KSHV-MCD is a polyclonal lymphoproliferation that occurs in individuals infected with KSHV who can be either HIV positive or HIV negative6,63. KSHV-associated lymphadenopathies, including MCD, are much more prevalent in individuals positive for HIV and KSHV-MCD in individuals positive for HIV generally tends to have the worst prognosis.

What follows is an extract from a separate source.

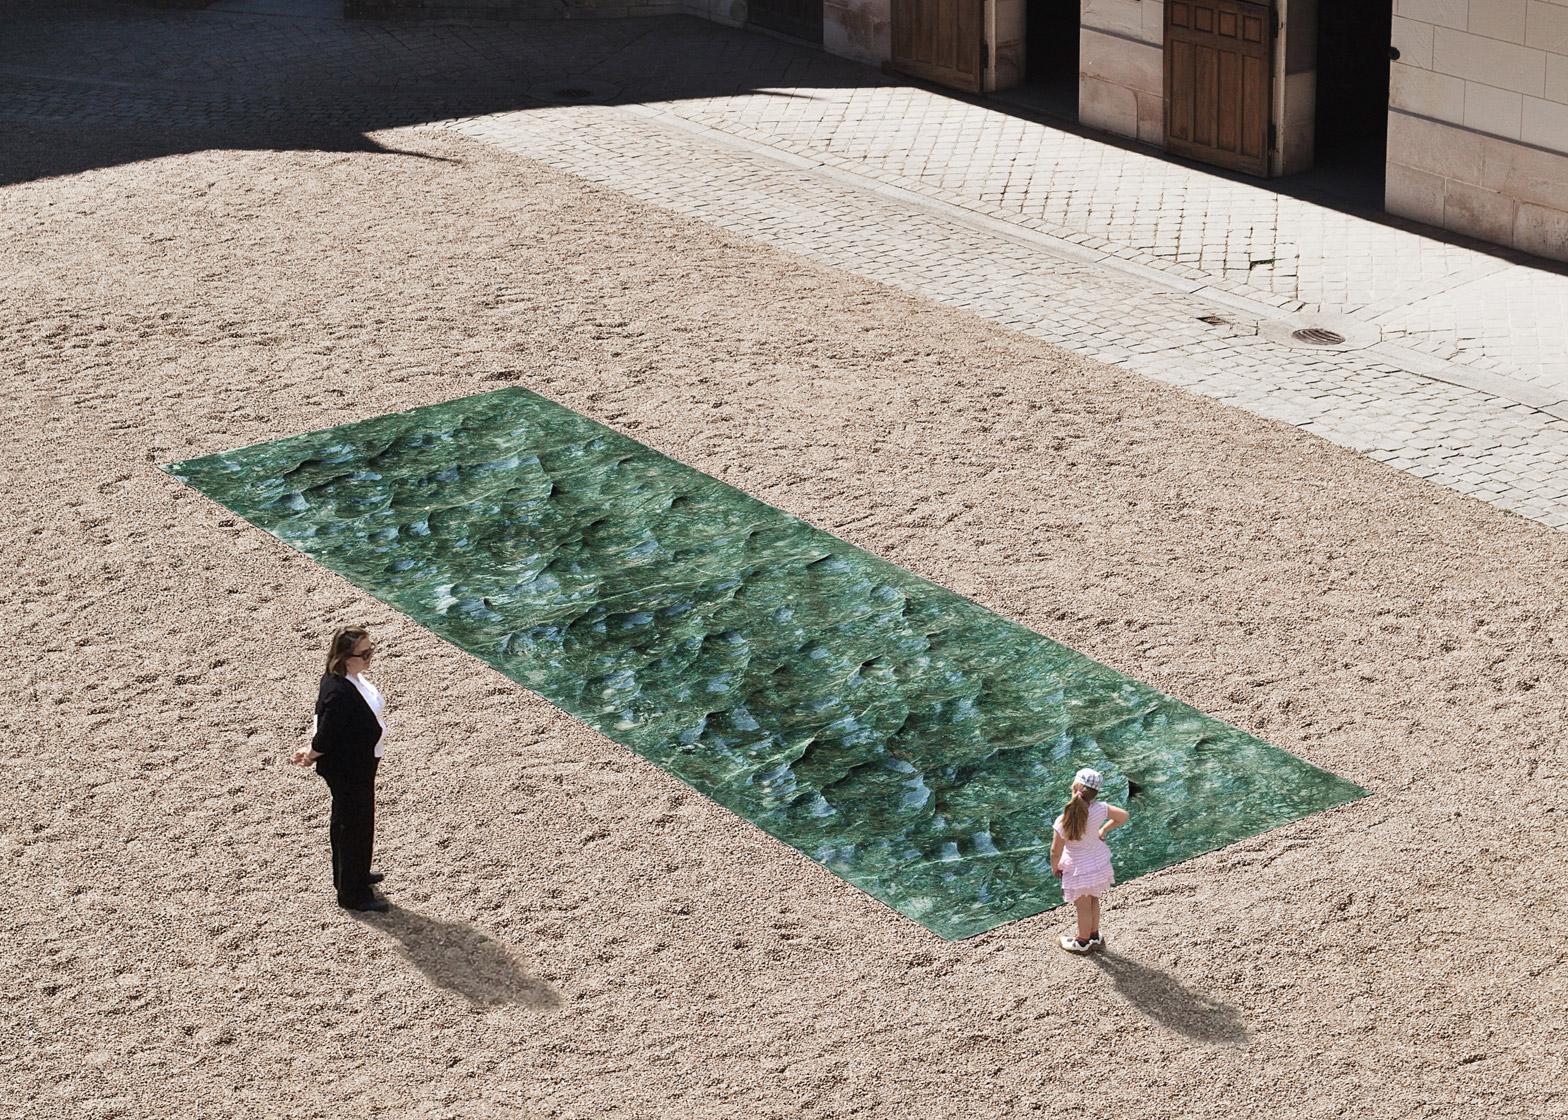 Das pool aus flüssigem marmor von mathieu lehanneur toskana naturstein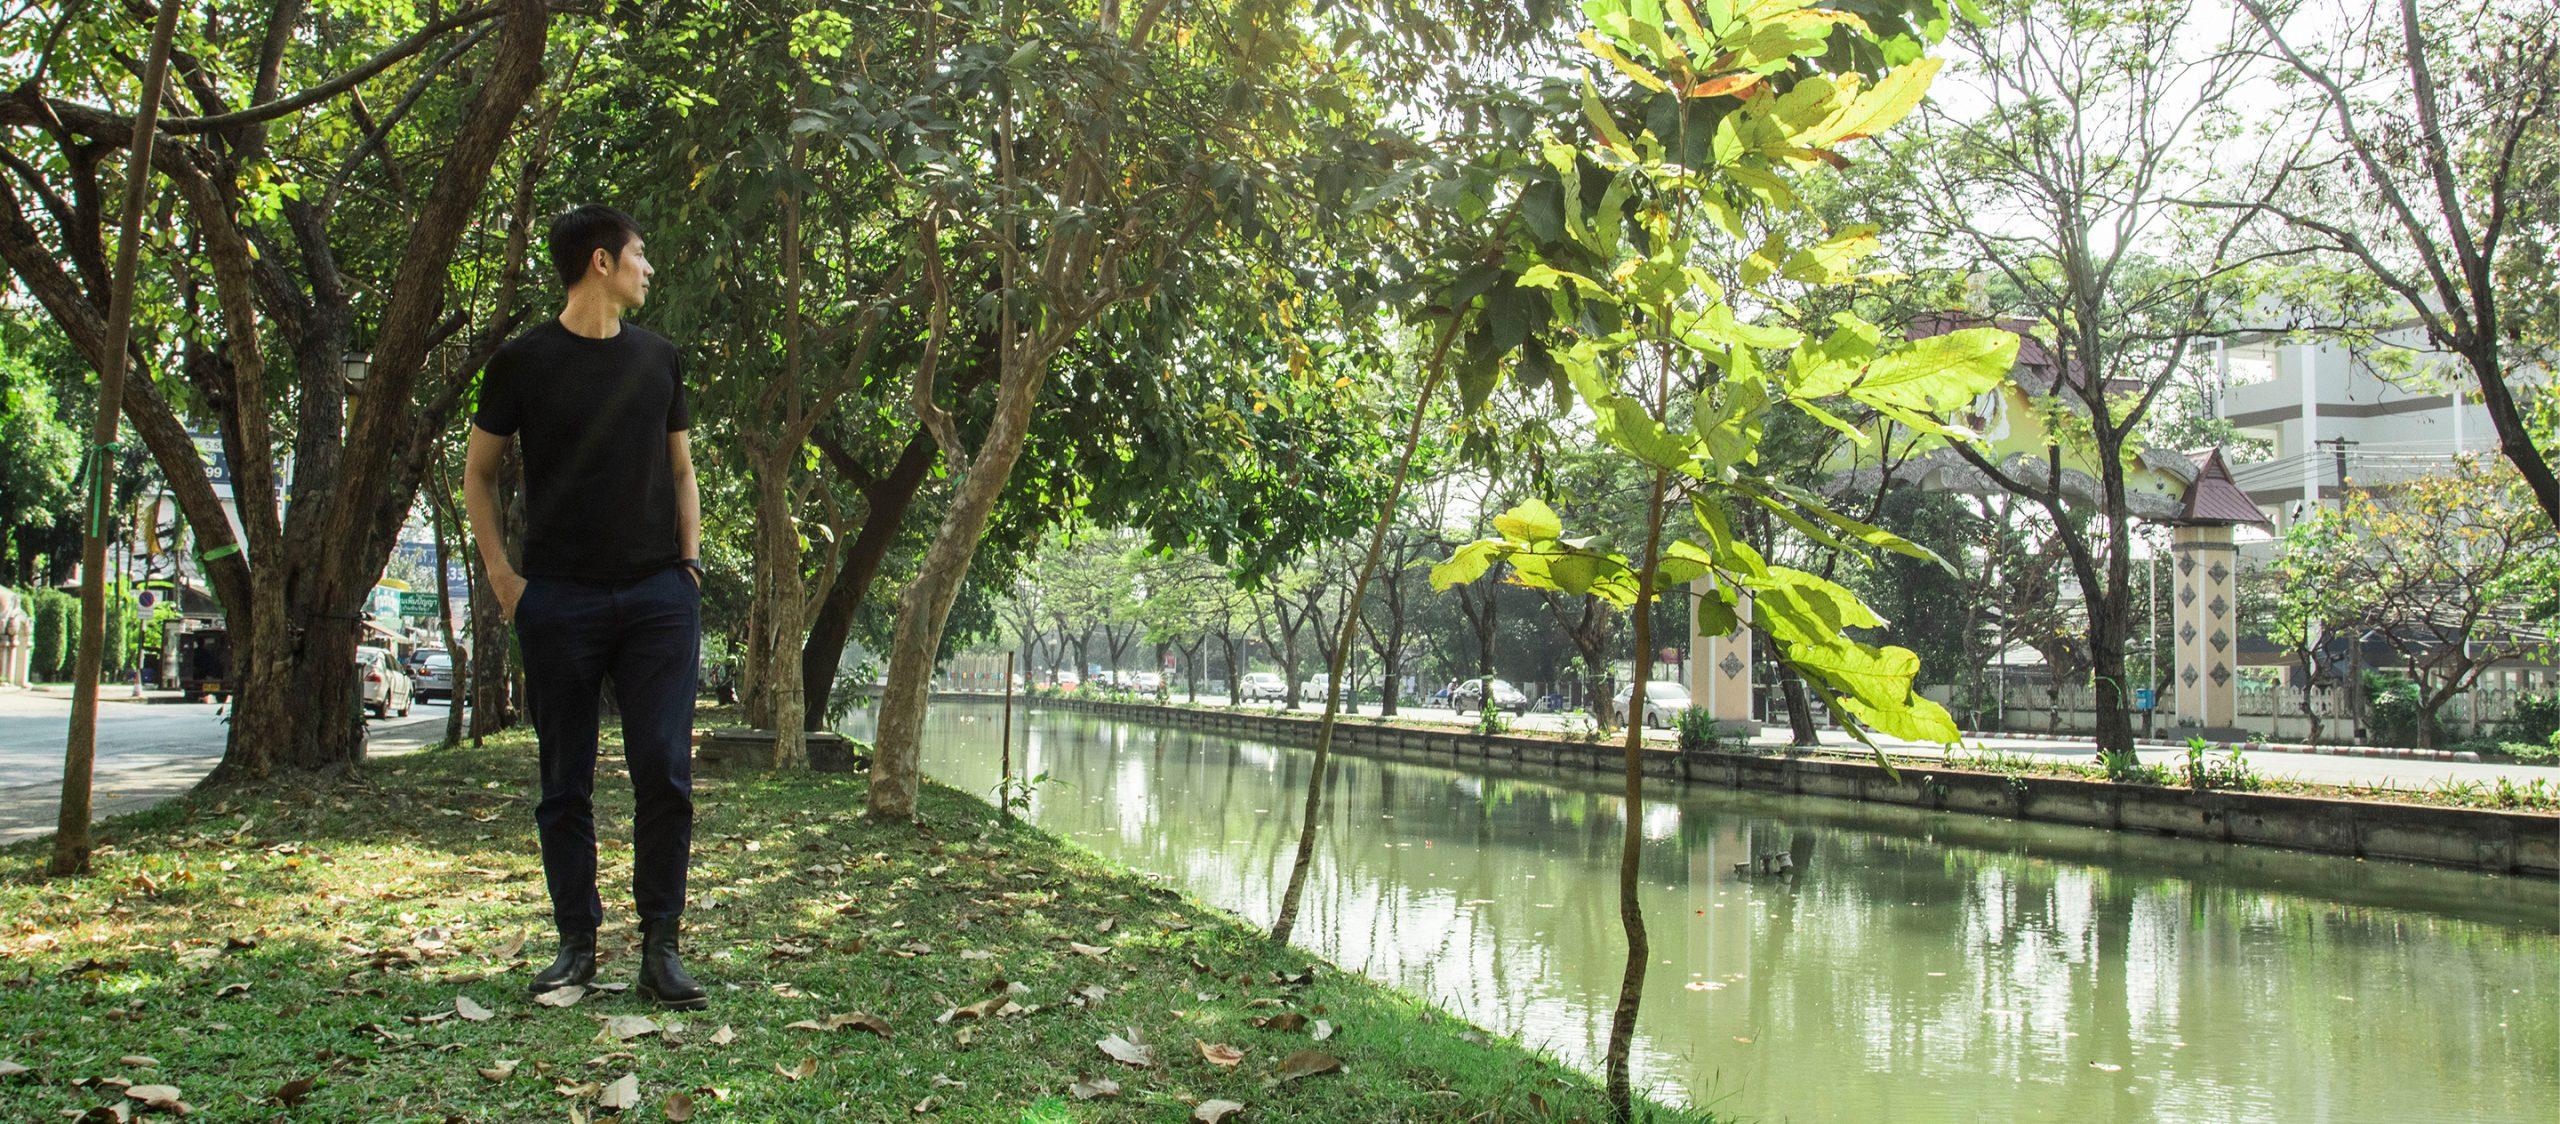 ปอ ภราดล และ 'มือเย็นเมืองเย็น' โปรเจกต์ปลูกต้นไม้ที่อยากเห็นเชียงใหม่เย็นขึ้นเร็วๆ

Of the B cells in the mantle zones around the germinal centre in a KSHV-MCD lymph node, up to 30% are infected with KSHV64,65. These KSHV-infected B cells display IgMλ light chains together with IgM heavy chains63; of note, KSHV infection is always restricted to IgMλ light chain-expressing B cells. Indeed, KSHV infection of Igκ-naive B lymphocytes upregulates V(D)J recombination mediated by recombination-activating protein RAG and Igλ expression, resulting in the loss of Igκ over time66. One speculation is that this mechanism could enable KSHV to shape the adaptive immune response but there is no definitive evidence of it yet. The KSHV genome encodes for a plethora of viral genes that are involved in modulating cell pathways. The ability of KSHV viral proteins and microRNAs to stimulate cell growth, proliferation and cell survival within the infected cells as well as in a paracrine fashion on neighbouring cells has a central role in the pathogenesis of KSHV-MCD.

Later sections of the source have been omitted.